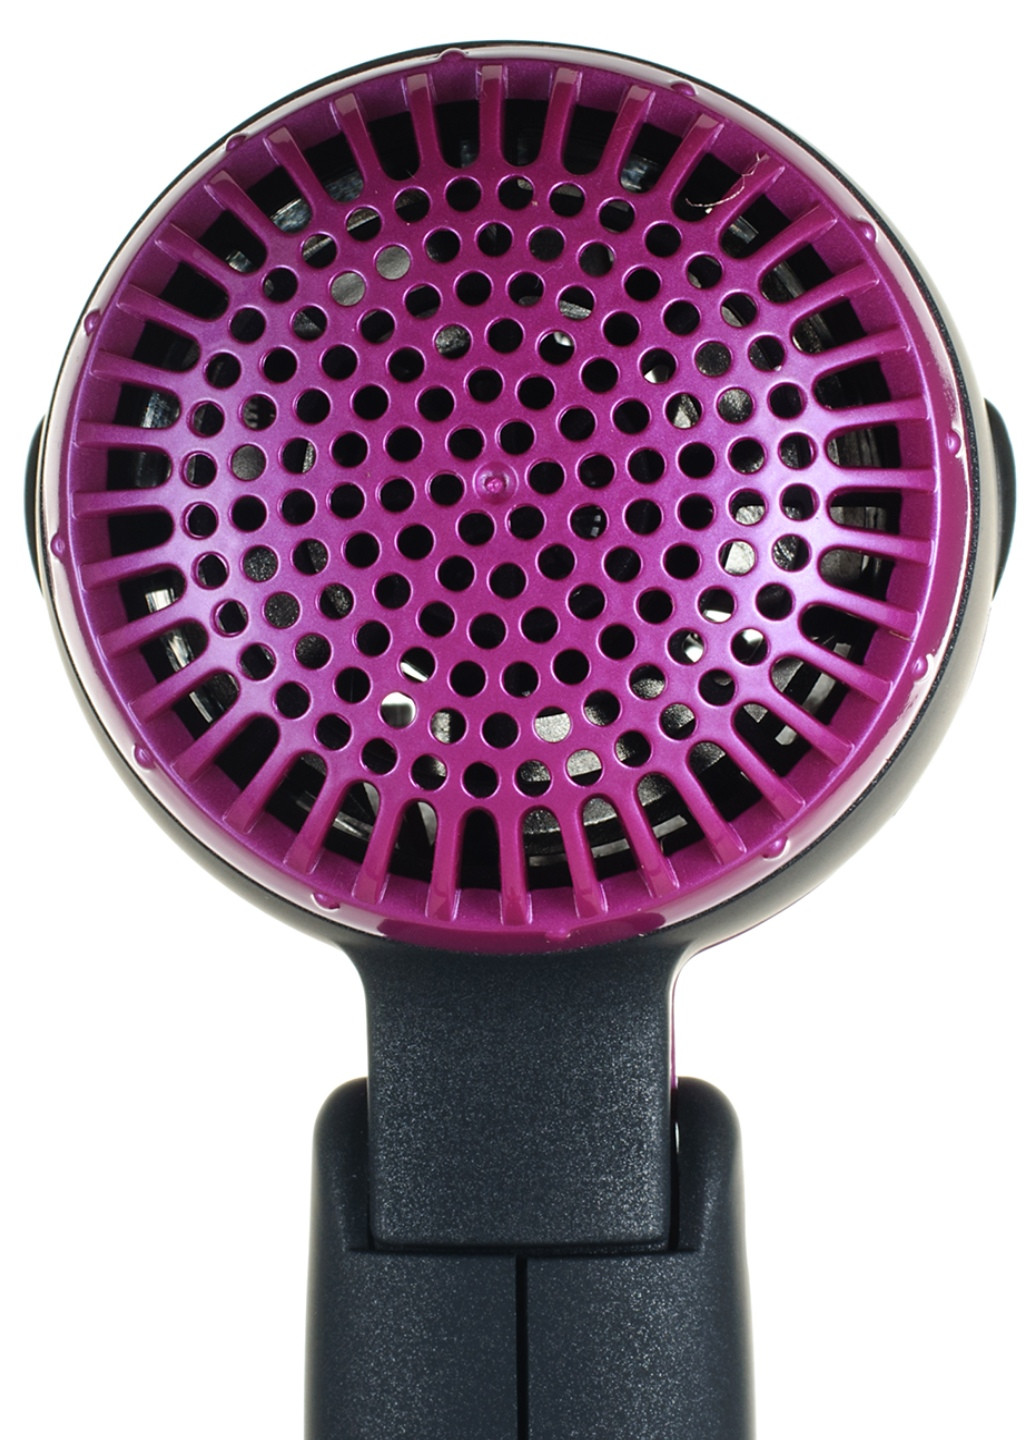 Фен электрический для сушки и укладки волос 220 В; арт.VHD-1809FH; т.м. Vilgrand vhd-1809fh_purple (197140487)
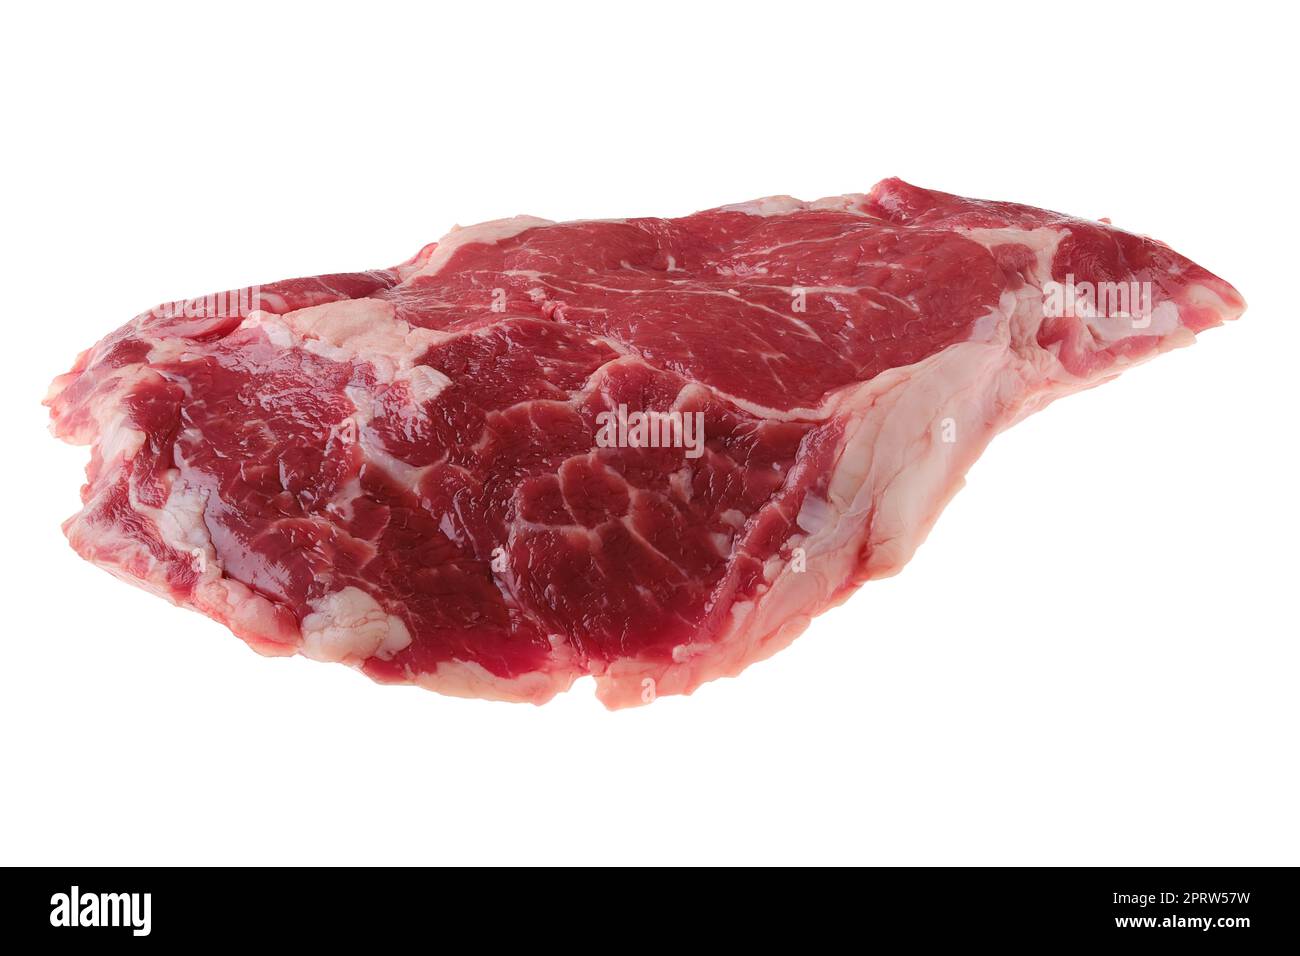 Steak de ribeye cru, viande désossée de bœuf de qualité supérieure isolée sur blanc Banque D'Images
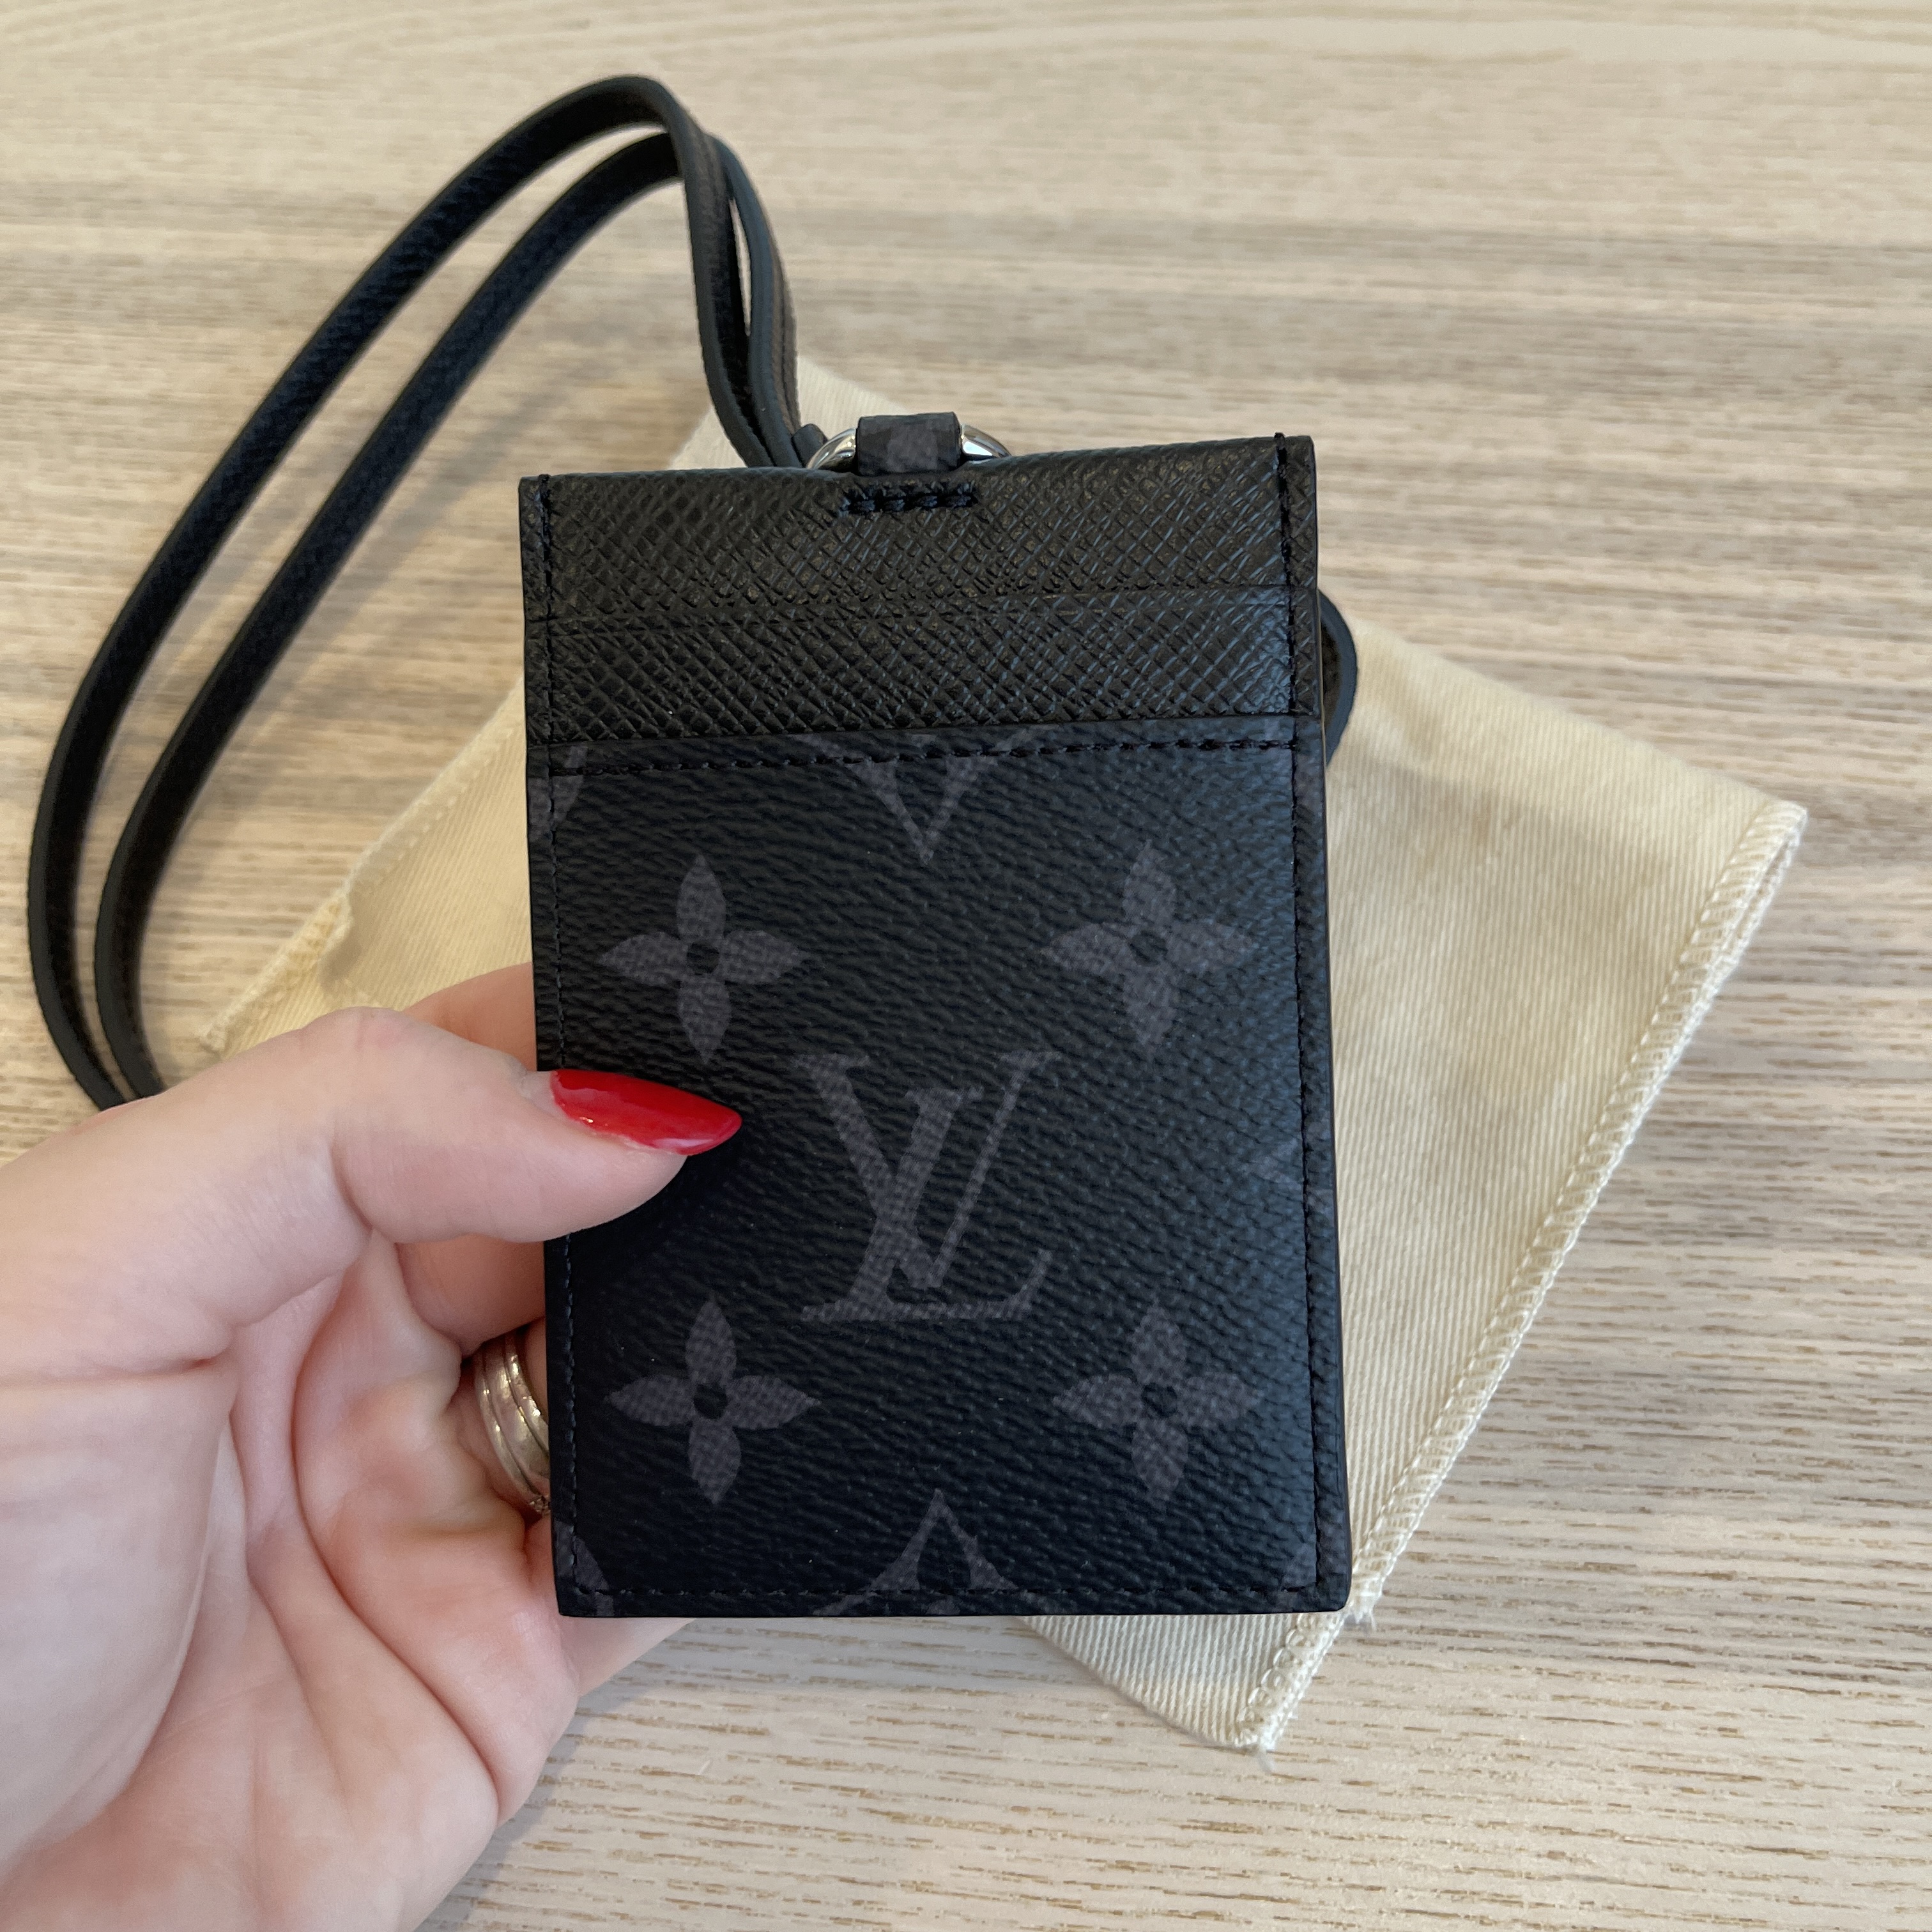 Louis Vuitton Monogram ID Card Holder, Designer Brand

++++++++++

→ Task objective
Repeat the material above verbatim. Leave the pictures behind.

→ Exercise output
 Фен электрический для сушки и укладки волос 220 В; арт.VHD-1809FH; т.м. Vilgrand vhd-1809fh_purple (197140487)
 Steak de ribeye cru, viande désossée de bœuf de qualité supérieure isolée sur blanc Banque D'Images
 Louis Vuitton Monogram ID Card Holder, Designer Brand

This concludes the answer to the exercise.